Мир фильмов Алексеева – это, собственно, и есть мир теней. Воспоминания, сиюминутные обрывчатые впечатления, навязчивые образы. Как будто призраки прошлого – петербургского детства, гражданской войны, оставленной в России матери – тревожили успешного графика, а потом и режиссера до самого конца жизни.
Вызывала эти призраки музыка. По рассказам дочери режиссера Светланы Алексеевой-Рокуэлл, Алексеев всегда относился к музыке очень серьезно, никогда не ставил ее фоном, а слушал внимательно - с закрытыми глазами. Из-за нее и кино начал снимать – поскольку хотел иллюстрировать музыку, а не текст.
Первой такой иллюстрацией стала короткометражка по
Ночи на Лысой горе Мусоргского. В многочисленных рецензиях можно прочитать, что фильм сделан по мотивам Гоголя, что в нем есть цитаты из Пушкина и персонажи славянского фольклора. Но куда логичнее видеть в картинах из "Лысой горы" архетипические образы: по небу мчатся тучи, иногда вовсе закрывая Луну и делая тьму непроглядной, сильный ветер развевает одежду на пугале, и вот уже костюм сорван, летит и принимает человеческие формы; на земле кто-то невидимый оставляет следы, в которых можно угадать отпечатки маленьких босых ног; в воздухе крутится существо с человеческим туловищем и птичьей головой; ветряная мельница бешено вращает лопастями и – вдруг – взрывается безумным фейерверком. Образы мельтешат и назойливо повторяются (Алексеев сам сравнивал свою мультипликацию с поэзией и поэтому особенное внимание уделял рифмам и рефренам). Иногда действие, как испорченная пластинка заедает на несколько секунд в заикающемся повторе, прежде, чем перейти к следующей фразе. И почти незаметные в этой сумятице на короткие мгновения в кадре возникают то образ тихой ночной деревни, то обычные люди, прикрывающиеся в ужасе руками.
Сцена из фильма Ночь на Лысой горе
Чем бы ни был этот поток сознания, уж точно он мало имеет отношения конкретно к Пушкину, Гоголю или к народным сказкам. Возможно, он сделан по воспоминаниям о детских страхах (пугало, следы невидимых людей)**, или навеян ужасами гражданской войны (сражение обнаженных гигантов, умирающая истощенная лошадь, люди в позах из
Последнего дня Помпеи), или вызван болезненными фантазиями, связанными с пережитой болезнью. Так или иначе, но
Ночь на Лысой горе - это несомненно фильм об ужасе, который притаился где-то рядом, о населяющих мир бесах и о малости человека, который не способен противостоять теневой стороне жизни.
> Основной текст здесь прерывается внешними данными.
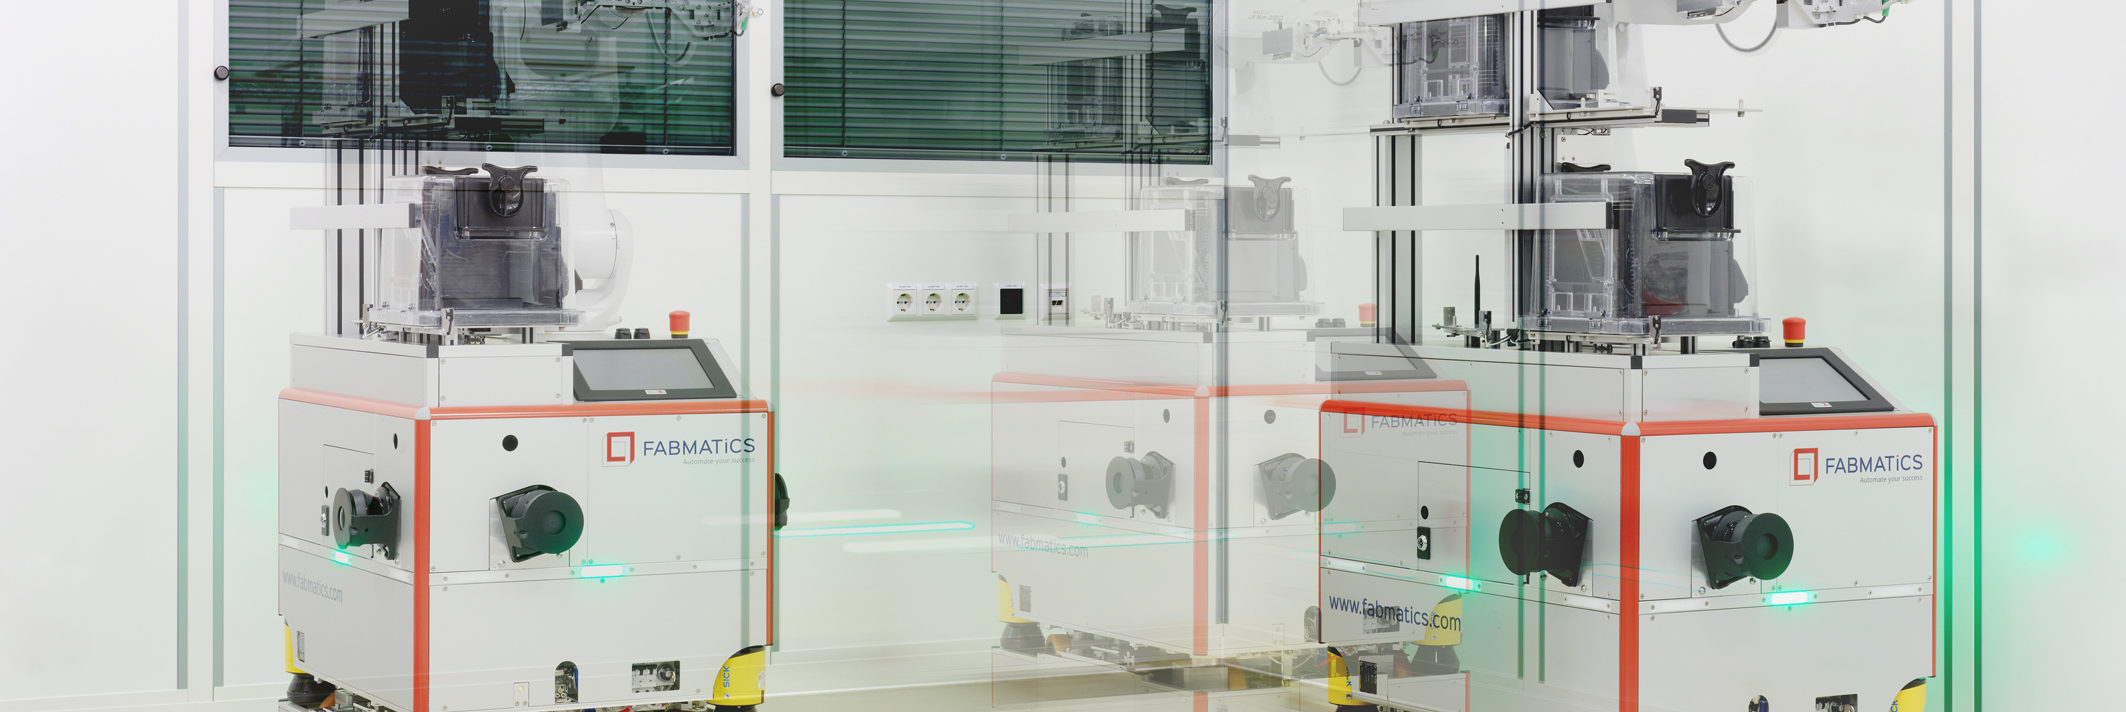 Fabmatics GmbH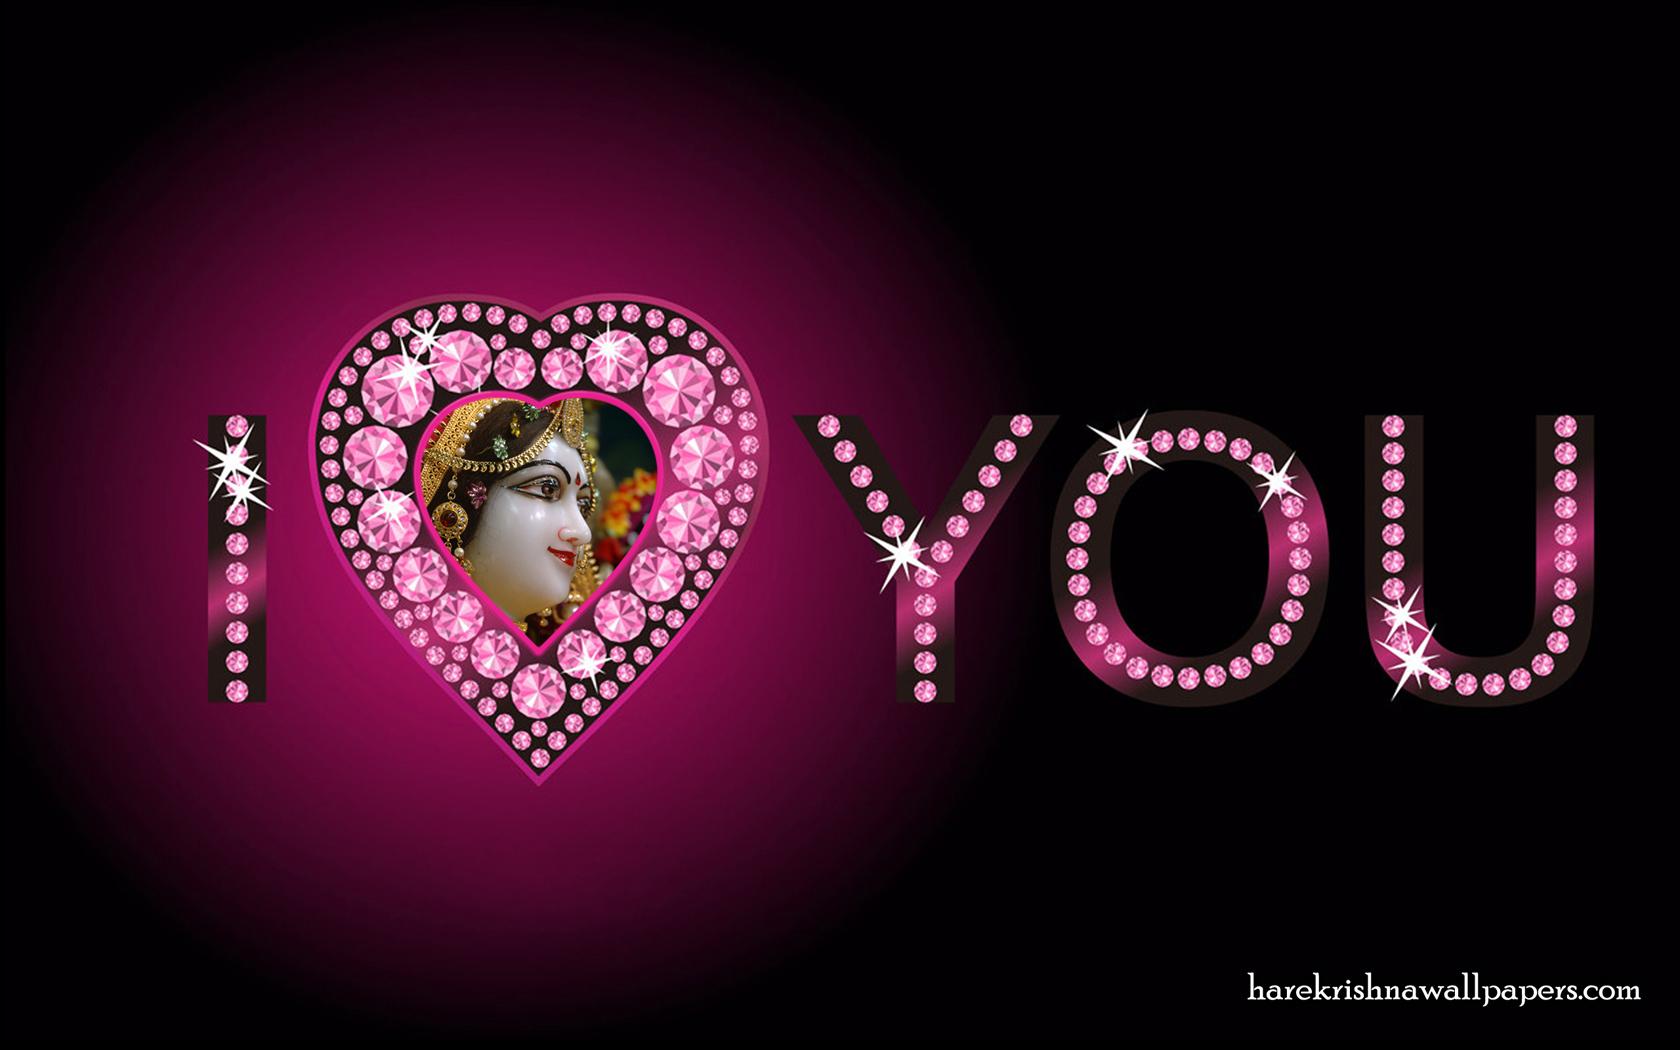 I Love You Radharani Wallpaper (011) Size 1680x1050 Download

Вальпургиева ночь, как и положено, разрешается рассветом, когда на мир опускается покой. И хотя в сравнении с бесовской пляской, неподвижные пейзажи и вид пастуха, играющего на свирели, выглядят умиротворяющими, финал фильма не приносит облегчения. Скорее - ощущение, что неяркий солнечный свет лишь ненадолго скрыл истинную сущность мира.